National ID Plan Insults Americans
President Obama recently gave his thumbs-up to an immigration compromise plan formulated by Chucky “Why Am I So Annoying” Schumer (D-NY) and Lindsey Graham (R-SC) that includes a national biometric ID card for all Americans. I already outlined here some of the major objections to any national biometric ID but the government is moving forward with the plan anyway.
I expected this proposal to be terrifying, but I wasn’t prepared to be personally insulted. As was reported here:
“The cards would include biometric information designed to prevent counterfeiting — but the senators said the information would not be stored in a government database.”
I don’t believe in conspiracies, but when the government says they are going to set up a national biometric ID card BUT not store all of our information in a database, it smells fishy. Sure . . . (wink-wink) the national biometric ID won’t store our personal biological information in a government database . . . and our Social Security numbers will only be used to track our Social Security benefits, right? Nothing good has ever come about from the issuance of a national ID, let alone one that includes biometric information.
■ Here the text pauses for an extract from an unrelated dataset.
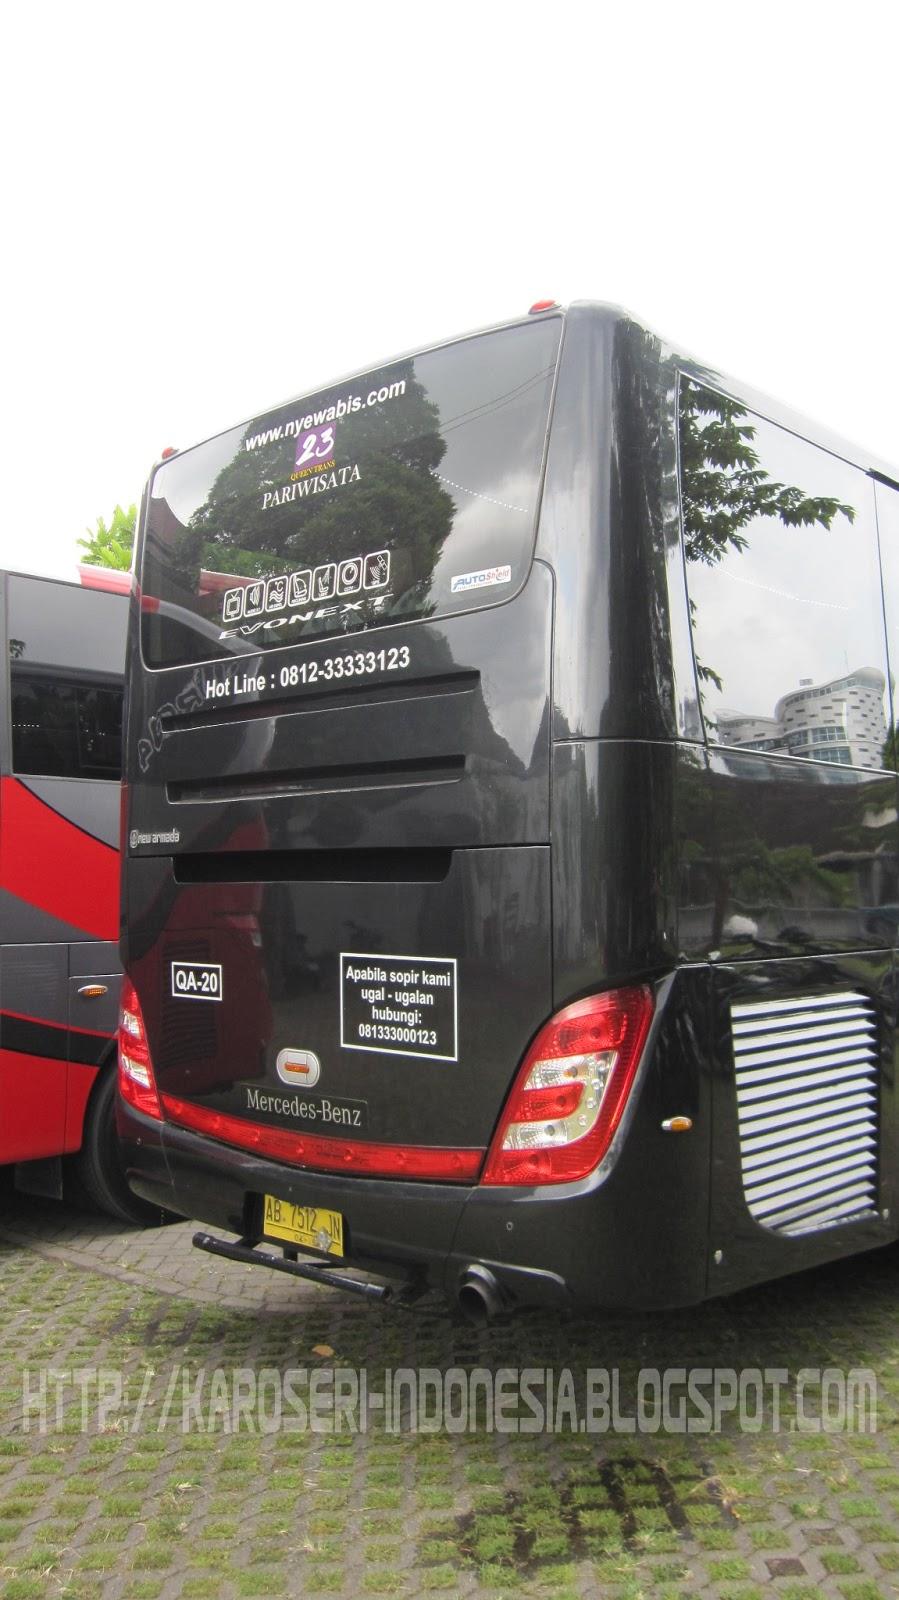 Jetbus Hd Adi Putro Vs Evonext New Armada Terbaru | Share The Knownledge
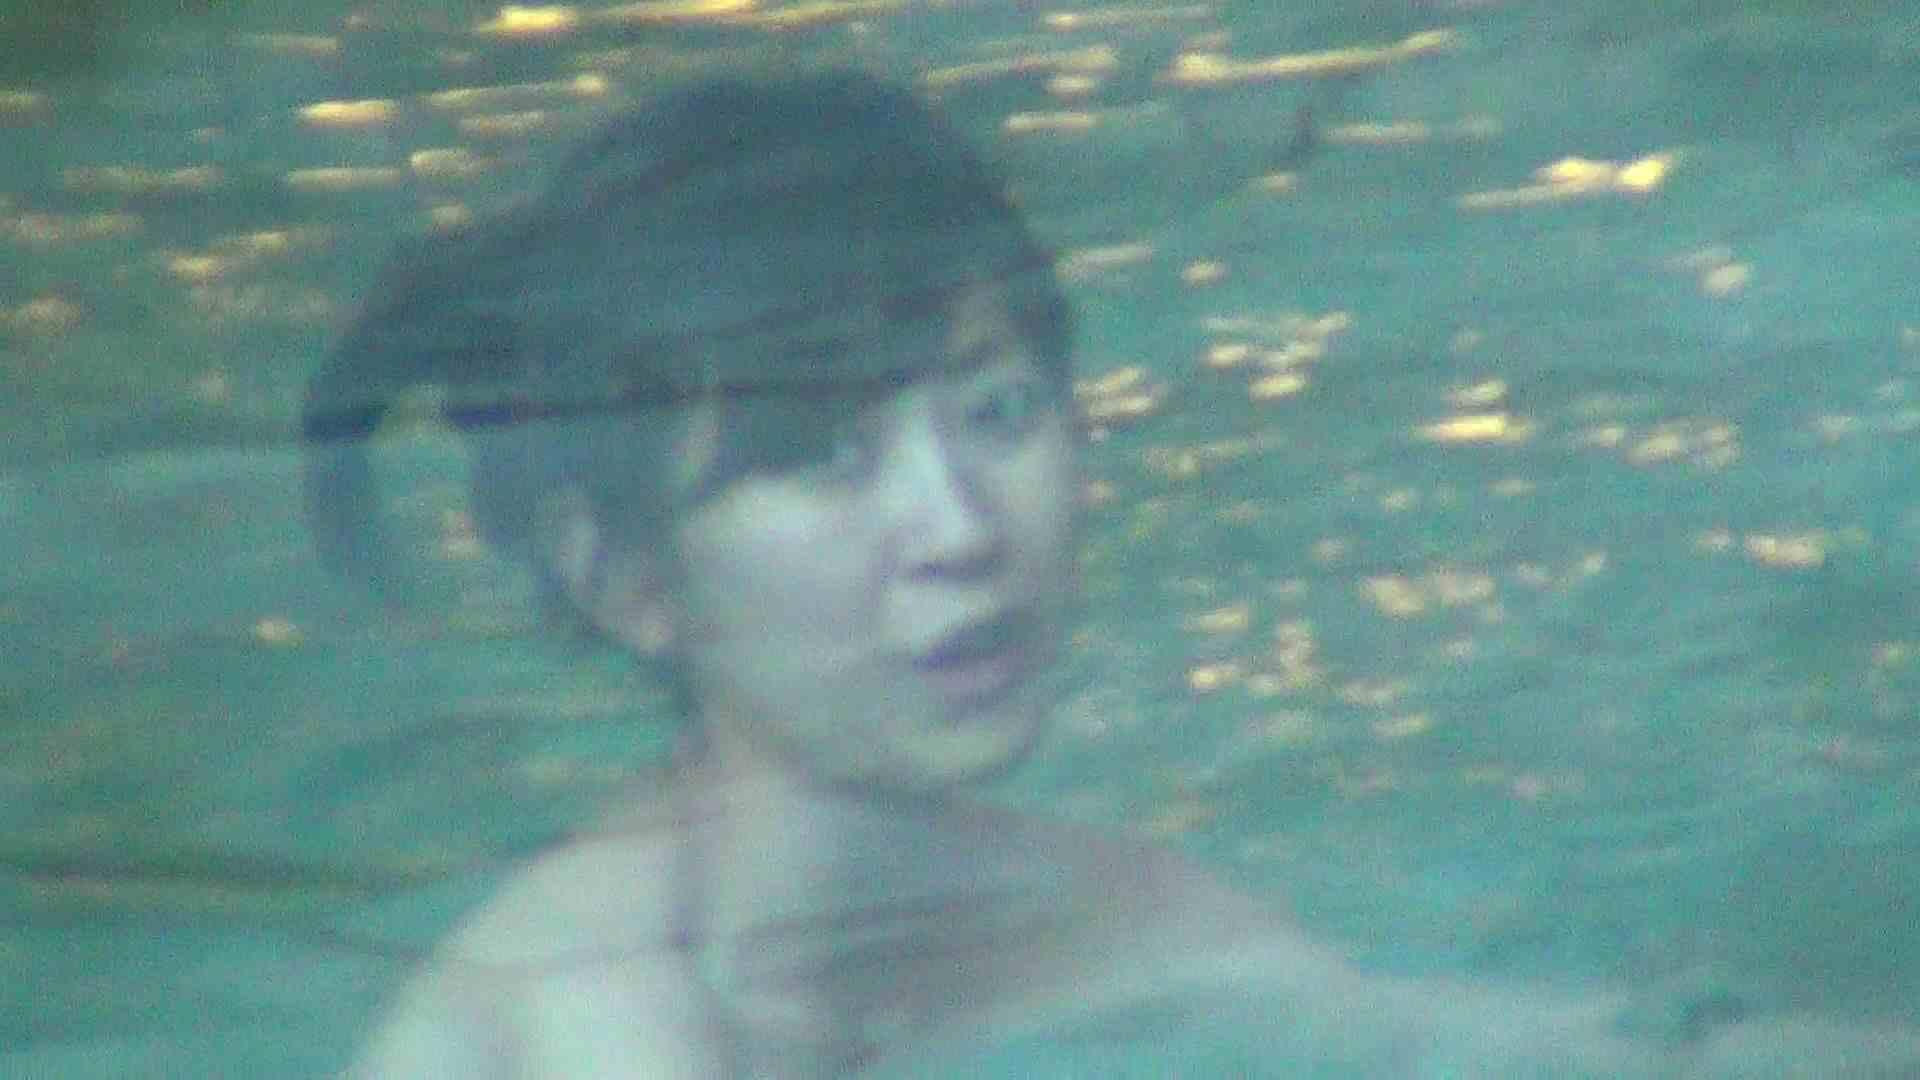 Aquaな露天風呂Vol.294 露天 セックス無修正動画無料 75画像 50

But the Senator’s statements, if true, negate the entire purpose of have a national biometric ID! If the information is not stored in a database, there is nothing to check your national biometric ID card against. That would make it incredibly easy to counterfeit. How is the government, or a private employer, supposed to know it’s a forgery? All national biometric ID cards, or ID cards of any type, require a central database of personal information to have a chance at being successful. What are Graham and Schumer thinking?
The good parts of the Senator’s plan, of which there are several, are totally overshadowed by this and the extension of an Electronic Employment Verification System (EEVS). These provisions have turned what could be an important bill into a terrifying extension of government power that won’t even cut down on illegal immigration. A bill like this that focuses on enforcement and amnesty only will not be successful.
Undocumented immigration is a problem but the solution is not scanning American’s biological information into a biometric national ID card that must be presented to employers and checked against a mandatory EEVS. The solution is to allow mass legal immigration to the United States to move immigration out of an unregulated black market and into the legal market. Americans are already punished by the government’s insistence that legal immigration be kept at artificially low levels; let’s not punish them more by submitting their most intimate information to a government database.